LSTM networks are pivotal in financial forecasting, especially for stock prices and market trends, due to their ability to capture long-term dependencies in financial time series data (Zahrah et al., 2021; Li, 2024b; Zhang, 2022; Reddy et al., 2020; Gajamannage and Park, 2022; Deshpande, 2023; Bhalke et al., 2022; Raut and Shrivas, 2024). Studies consistently demonstrate LSTM’s precision in managing both short and long-distance sequences in stock price prediction (Bai et al., 2023; Qiu et al., 2020; Firouzjaee and Khalilian, 2024; Diqi et al., 2023; Luo, 2018). Techniques like wavelet denoising, whale optimization, and stacked architectures enhance LSTM’s predictive accuracy (Wang and Wu, 2023; Kim and Kim, 2019; Fischer and Krauss, 2018). Combining LSTM with CNNs further improves forecasting by leveraging varied data representations (Kim and Kim, 2019; Li et al., 2020). LSTM surpasses models like ARIMA and GRU in stock market prediction (Das, 2024; Fatima and Rahimi, 2024) and is also effective in volatility forecasting, bankruptcy prediction, and financial time series analysis (Ho et al., 2021; Vochozka et al., 2020).

4.3

Instance-based Learning Models

4.3.1

K-Nearest Neighbors (KNN)

The K-Nearest Neighbors (KNN) algorithm has been applied in financial forecasting, particularly in predicting stock prices. Tanuwijaya and Hansun (2019) demonstrated KNN’s potential in predicting the LQ45 stock index. Chen (2024) also employed KNN alongside other machine learning methods for stock price forecasting, highlighting its relevance in financial analysis. Additionally, Islam et al. (2021) emphasized the popularity of KNN and support vector regression in predicting stock prices on the Dhaka Stock Exchange. These studies collectively indicate the practical application and effectiveness of KNN in financial prediction tasks.

4.3.2

Support Vector Machines (SVM)

Support Vector Machines (SVM) have been widely utilized in financial forecasting due to their effectiveness in handling classification and regression tasks. Cao and Tay (2001) introduced the application of SVMs in financial forecasting, highlighting their significance in computational science and engineering.
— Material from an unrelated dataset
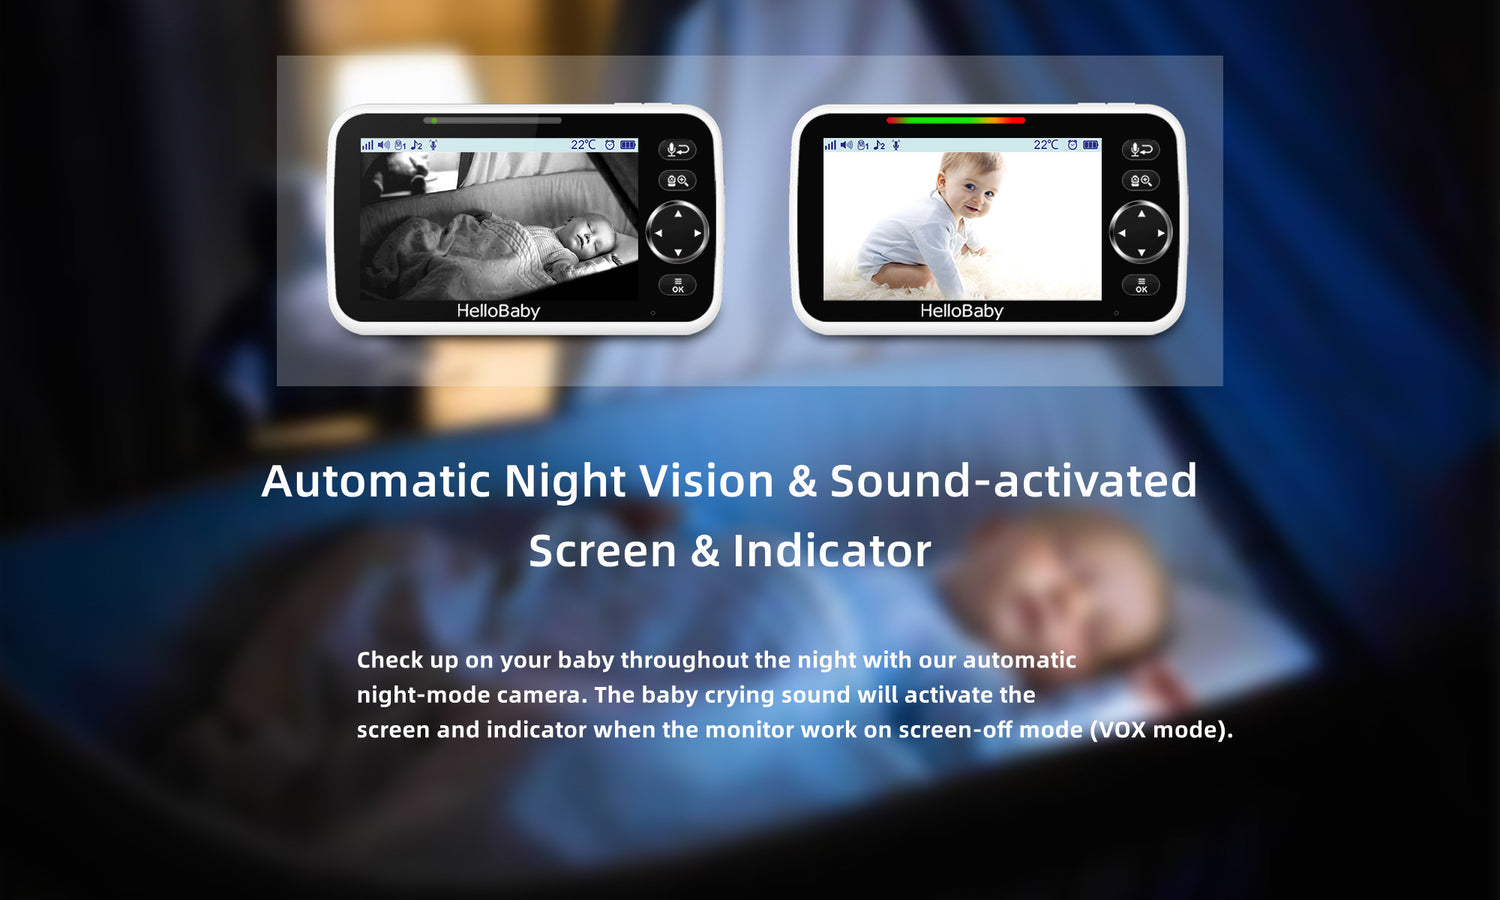 infrared night vision & VOX mode

Hossain et al. (2020) successfully used SVMs to predict stock prices, specifically forecasting daily closing prices on the Dhaka Stock Exchange. Bellotti et al. (2011) compared SVMs with ordered choice models in predicting international bank ratings, demonstrating SVMs’ capability in time series forecasting. Zhang et al. (2016) enhanced financial time series forecasting accuracy by integrating SVMs with autoregressive integrated moving average (ARIMA). The robustness of SVMs in handling noisy data and generalization challenges has been emphasized by Lin (2012). Overall, SVMs have proven to be a valuable tool in financial forecasting, offering accurate predictions and efficient handling of complex financial data.

5

EXPERIMENTAL SETTING

5.1

Data Description

The dataset utilized in this study encompasses financial data from companies listed on the BIST100 index, which includes the 100 largest companies traded on Borsa Istanbul. The data spans from 2014 to 2024 and includes various financial indicators and technical metrics. Key variables in the dataset include the date of observation, opening price of the stock on the given day, highest price of the stock on the given day, lowest price of the stock on the given day, and closing price of the stock on the given day. Additional variables include the Simple Moving Average (SMA), which is the average of closing prices over a specified period, and the Weighted Moving Average (WMA), which is the average of closing prices over a specified period, weighted by recent prices. Momentum (MOM) is the rate of change of the closing price over a specified period. Stochastic %K (STCK) represents the current closing price relative to the range over a recent period, while Stochastic %D (STCD) is the moving average of the Stochastic %K. The Relative Strength Index (RSI) measures the magnitude of recent price changes to evaluate overbought or oversold conditions. Moving Average Convergence Divergence (MACD) is the difference between the 12-day and 26-day exponential moving averages (EMAs). Larry William’s %R (LWR) is a momentum indicator measuring overbought and oversold levels. The Accumulation/Distribution Oscillator (ADO) combines price and volume to show how much of a stock is being accumulated or distributed. Finally, the Commodity Channel Index (CCI) measures the deviation of the price from its average over a specified period, indicating overbought or oversold conditions.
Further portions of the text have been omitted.